Мы в первый раз подписываемся новыми именами. Мне уже какое-то время кажется, что эти польско-немецкие фрицы-криминалисты ведут себя примерно так же, как в последнее время немцы в Треблинке, которые слонялись по лагерю и все время ворчали себе под нос:
– Всё – дерьмо, и так и так всё – дерьмо.
Нам возвращают, как и положено, все, что у нас отобрали при первом допросе, мой несессер с бритвенными принадлежностями тоже.

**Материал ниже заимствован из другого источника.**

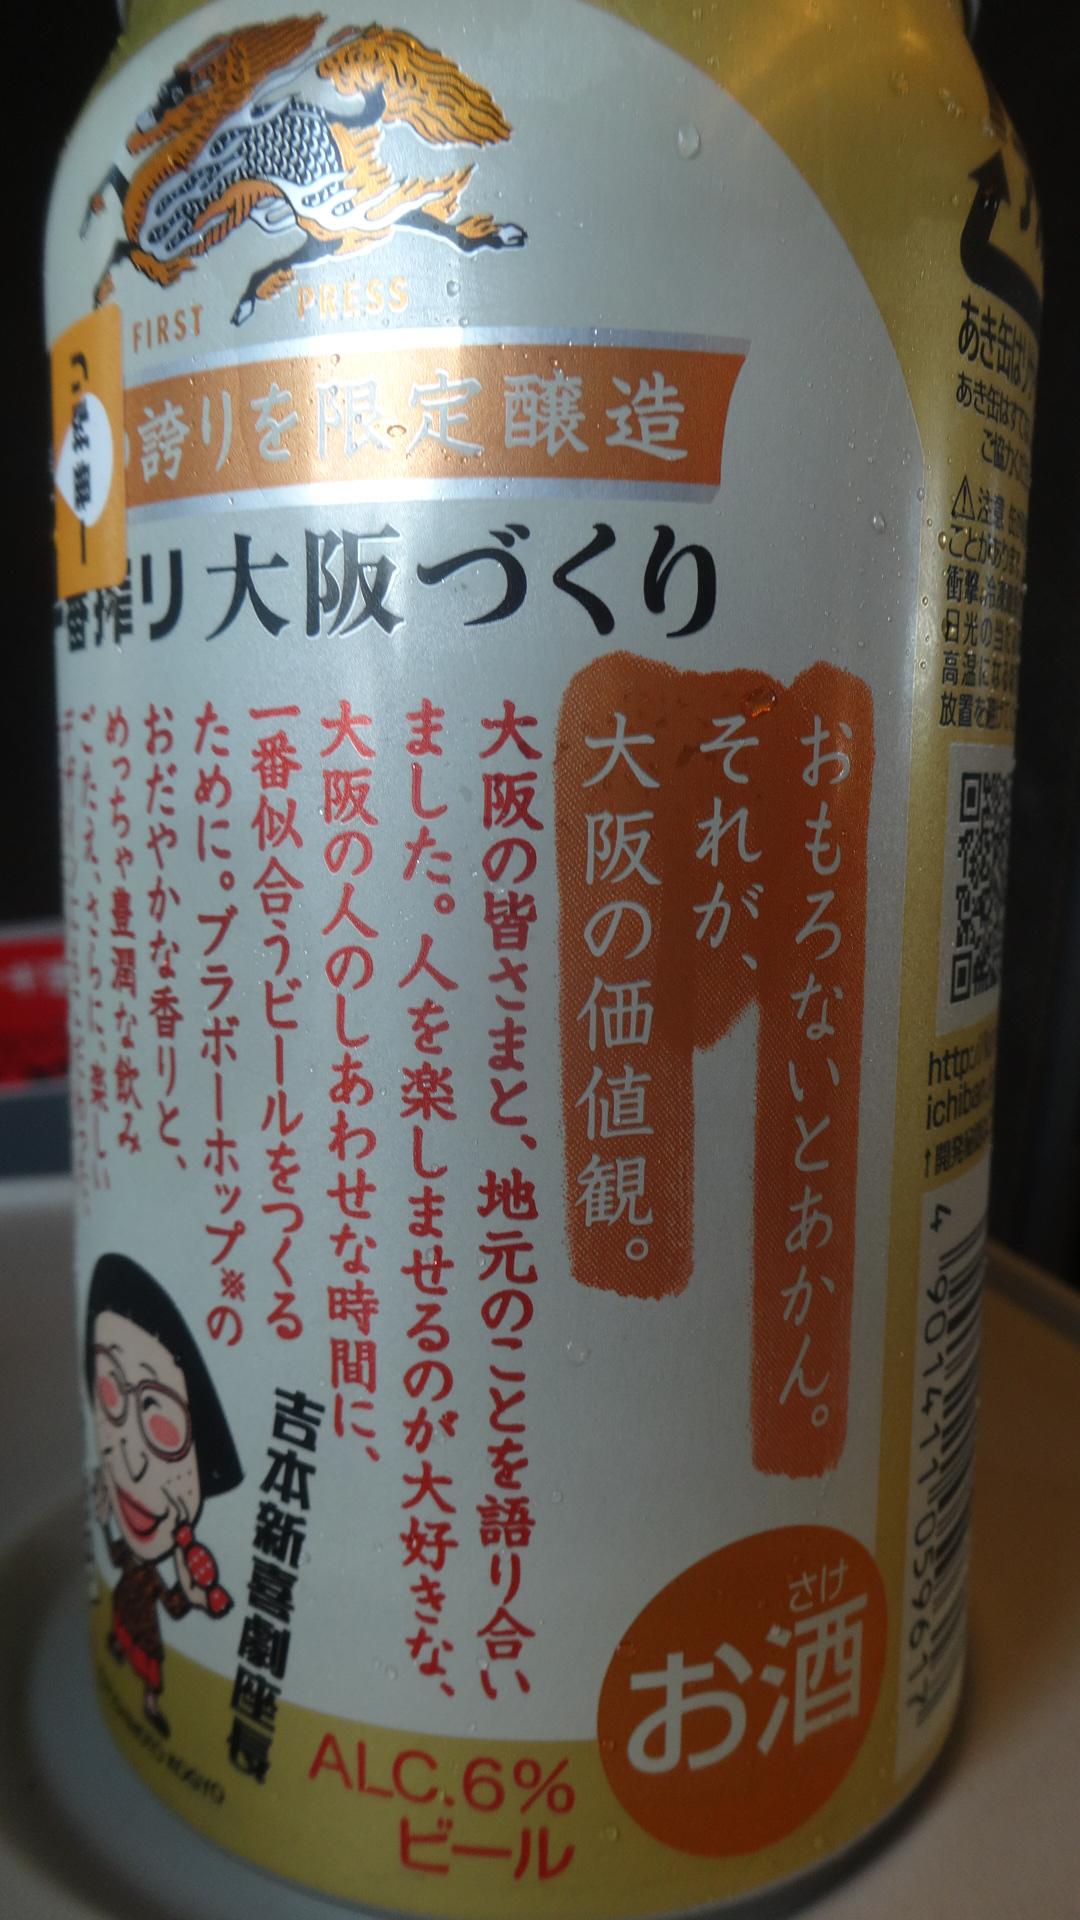 大阪の価値観の説明が書かれたビールの一番搾り
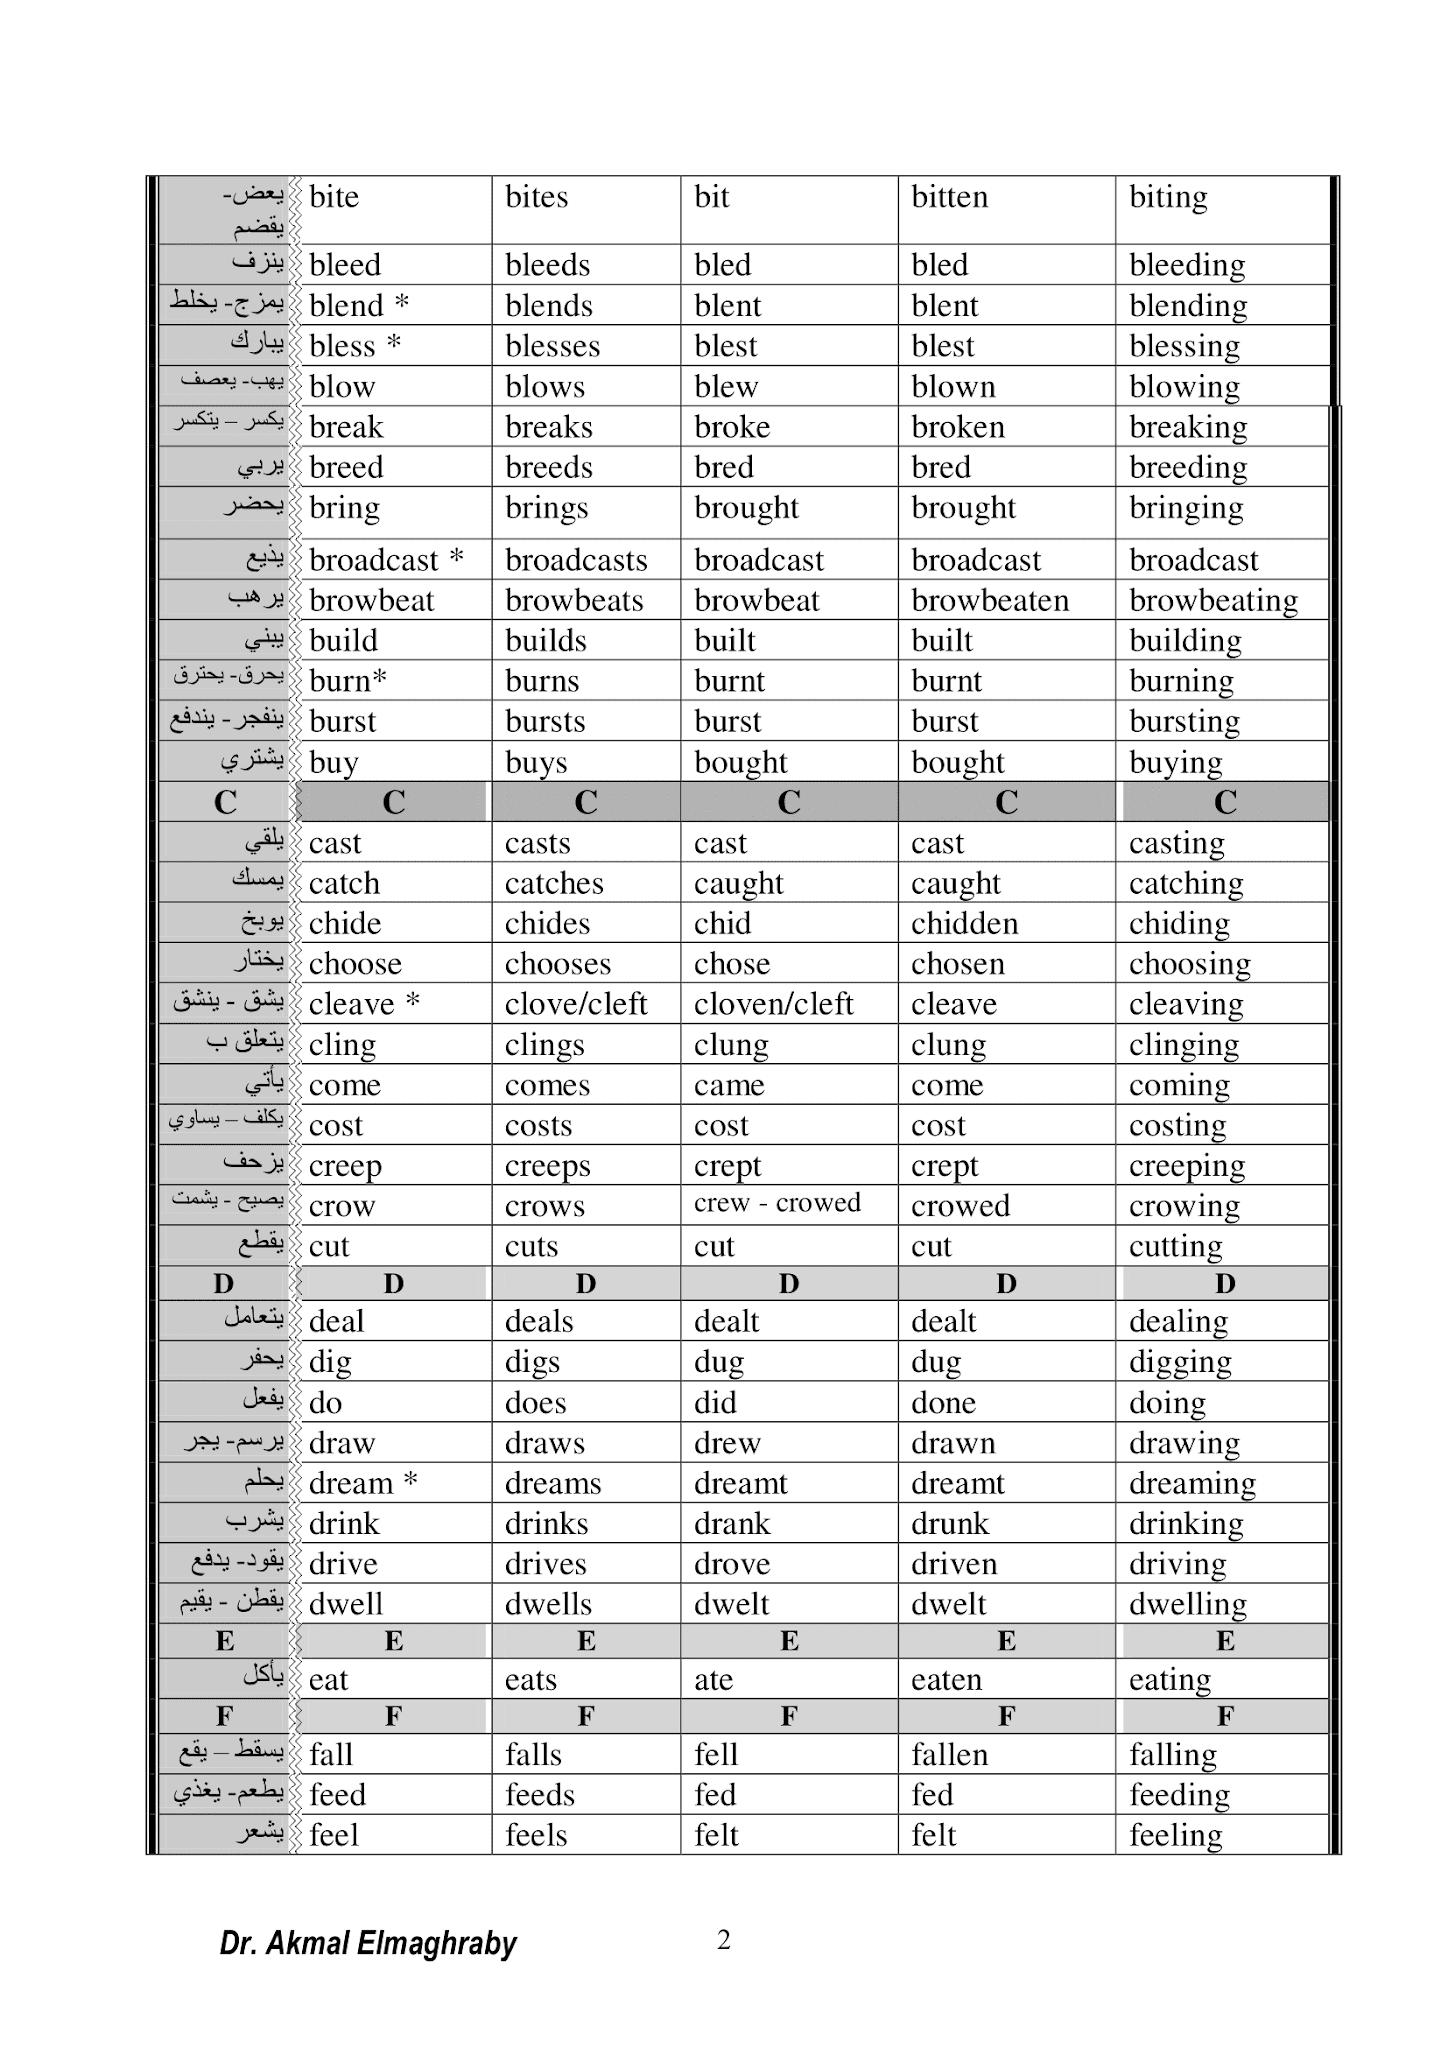 بالصور جدول تصريف الأفعال الشاذة في اللغة الانجيليزية مع الترجمة للعربية

Мы просим тюремного парикмахера, который должен побрить нас перед отправкой, чтобы он намылил нас нашим собственным мылом, которое лучше того, что у него.
– То е бардзо добре мыдло, надзвычайне – да, это очень хорошее мыло – чрезвычайно…
Сборный пункт в Ченстохове – огромный проходной двор под транспарантом «На работу в Германию». В Германии требуется много, очень много рабочей силы. Сквозь колючую проволоку и здесь можно прекрасно спекулировать и проворачивать небольшие гешефты, например, обменять старые сапоги из Треблинки на ботинки со шнуровкой. А деревянных бараков со сплошными нарами здесь больше, чем в Треблинке.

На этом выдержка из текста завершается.